Way to big of shot in my opinion. I would try #5 or #6 then pattern your gun out to 40 yards in 10 yard increments. This will tell you your point of impact and how far out the pattern is until it fall apart. That will be your maximum range. Just my experience. Good luck.
I like# 5s my self. But I shoot 31/2" shells.
 
I'm a 5 or 6 shot size guy myself. Reason is the neck/spinal cord is the the target zone. If you have smaller shot size you have more pellets in that zone. With that said when you shoot the ideal position of the bird is with it's neck and head fully extended. Not gobbling where the feathers protect the neck. I would avoid Head on body shots due to the feathers and breast protecting the vitals. Take a look at a store bought whole turkey or chicken and the anatomy will make sense.

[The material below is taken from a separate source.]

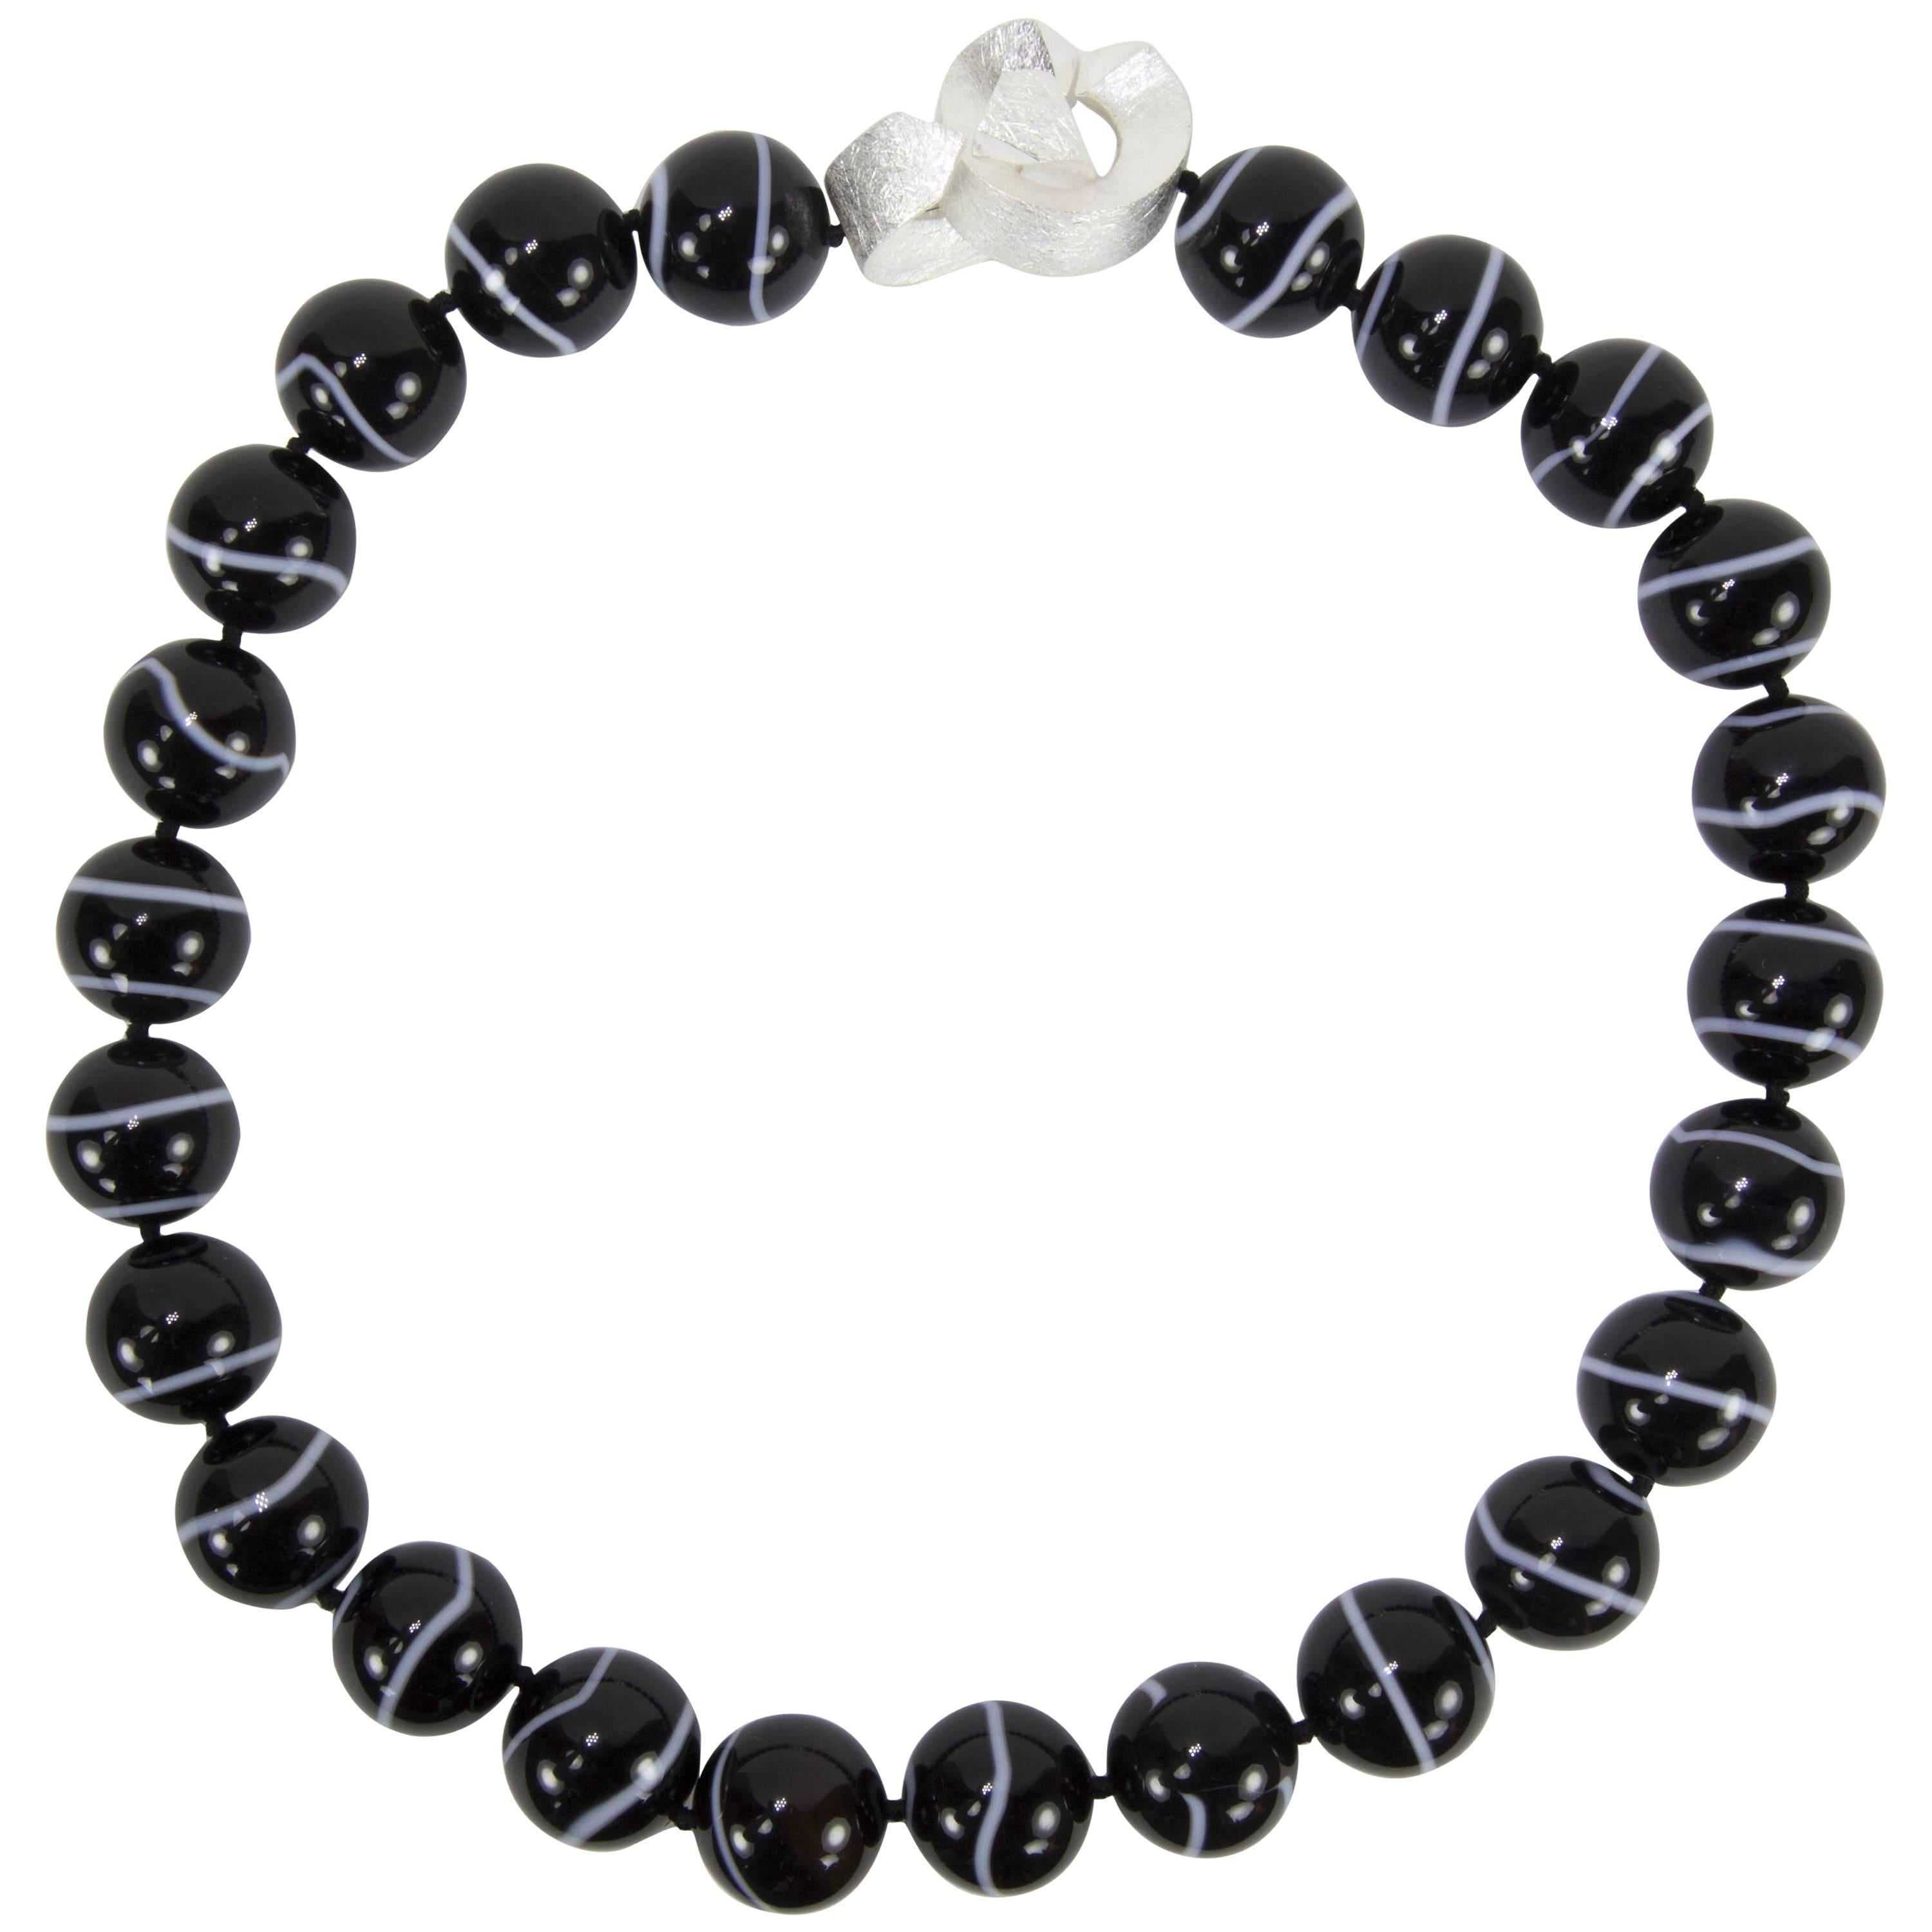 Beautiful Large Black Banded Agate Bead Statement Necklace

When you pattern your gun, as previously stated, make a paper target by making a fist and bend your fist down. This makes the shape of a neck and head. Trace it on the paper from your fist to elbow. You want the pattern covering the neck so aim in the middle of the neck. Take a shot then count the pellets in the head and neck. Now walk back and repeat to get your max range. You want about 6 pellets in the neck and head. Keep moving back till u get to your max range.
Good luck.
PS believe it or not it's almost like calling in rutting bull elk
I like # 5s with 3 1/2 shells. 60 yards. I'm good.